I had known there was something the matter with me. In all the years that Clay and I had been married, I had never used contraceptives. Somewhere in the back of my mind, I had hoped for a surprise pregnancy, but when that didn’t happen, I let it go. We were happy and didn’t need children to complete us. That’s what I’d foolishly thought. Then Clay dropped the bomb. He was leaving.
“How’s your painting going?” he asks with a smile that does not reach his eyes.
His concern is fake. Clay had never shown any interest in my painting. He called it a hobby, and when the money started rolling in, he shrugged and dismissed it as a nice hobby. He worked as a marketer for a pharmaceutical company. A serious job compared to my little hobby.
It hits me now how many differences we’d had, and I briefly wondered how we managed to stay married for three years. We were such different people.
“Why do you care?” I say and suddenly feel drained. “Please just go.”
I feel no anger or resentment toward him. He is just someone I used to know. Someone I once liked. Now I feel nothing for him.
“We belong together, Mila,” he says.
I meet his stare. His dark intense eyes glower back unblinking. Something dances in them. Something wild. Mad. A stab of fear courses through my veins. I shake myself out of it. Clay is selfish, not dangerous. He would never harm me. Still, I take a step back into the house.
“Please leave,” I say, hating the fear that creeps into my voice. I need to be alone right now. I try to close the door. Something jams it. Clay’s foot.
“I made a mistake, Mila,” he says, his voice taking on a desperate tone. “People make mistakes, and they get forgiven, why can’t you forgive me?”
My hands tremble as I try to push the door.
“Will you think about it?” he says, leaning against the door.
I nod. Anything to get him to go away. He does, and I bang the door in his face. I peer through the keyhole and jump back when I come up against his face close to the door. He stands there, looking at the door, and I’m frightened that he’ll try to break in.
I tell myself I’m being silly.
I run upstairs to my studio, sit down, and wait for my breath to return to normal. When it does, I pick up my phone, and with shaking fingers, speed dial Jessica’s number.
“Please tell me you’re doing something that normal adults do at this time of day,” Jessica says by way of greeting.

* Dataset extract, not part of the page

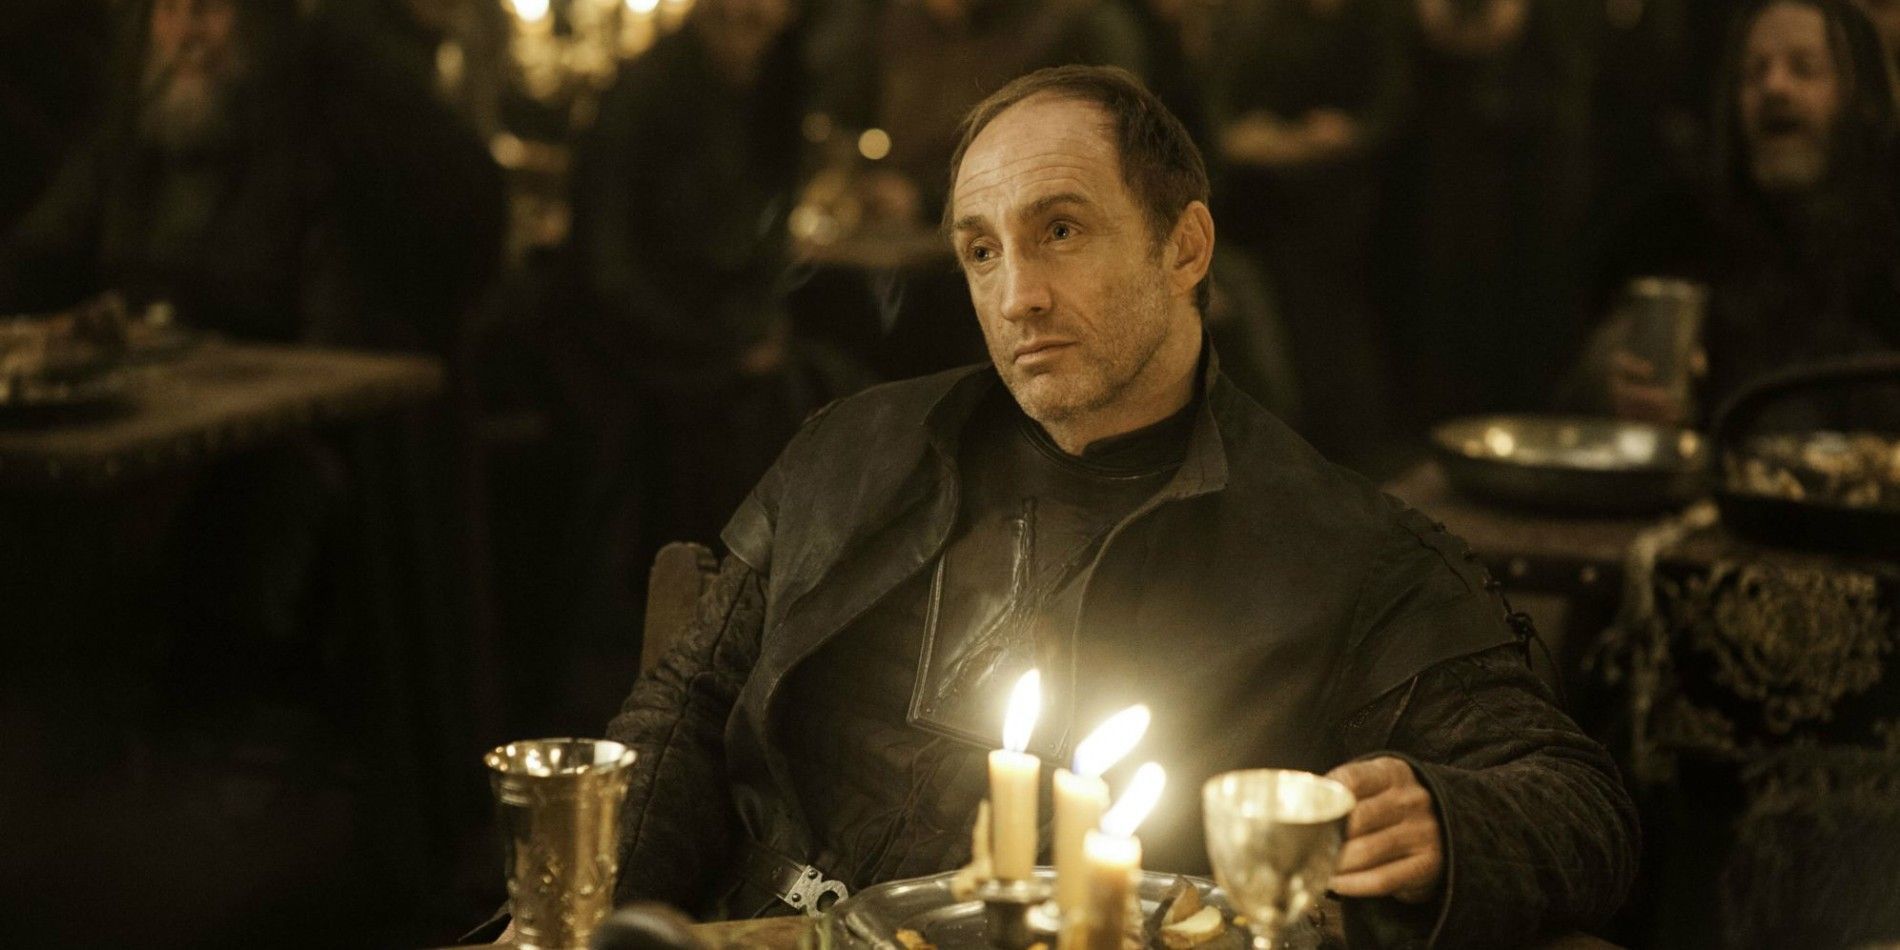 Roose Bolton from Game of Thrones

In the background, I hear children’s laughter and shouts. It reminds me of Clay’s words about children. A shiver goes through me.
“Mila?” Jessica says. “Are you all right?”
“Kind of,” I say and then proceed to tell her about Clay’s visit.
She knows him well. Her husband and Clay are cousins. That’s how I met him. Double dating with my best friend and her husband. I know Jessica feels bad about that, but no one could have predicted that two people so smitten with one another could end up divorced in less than three years.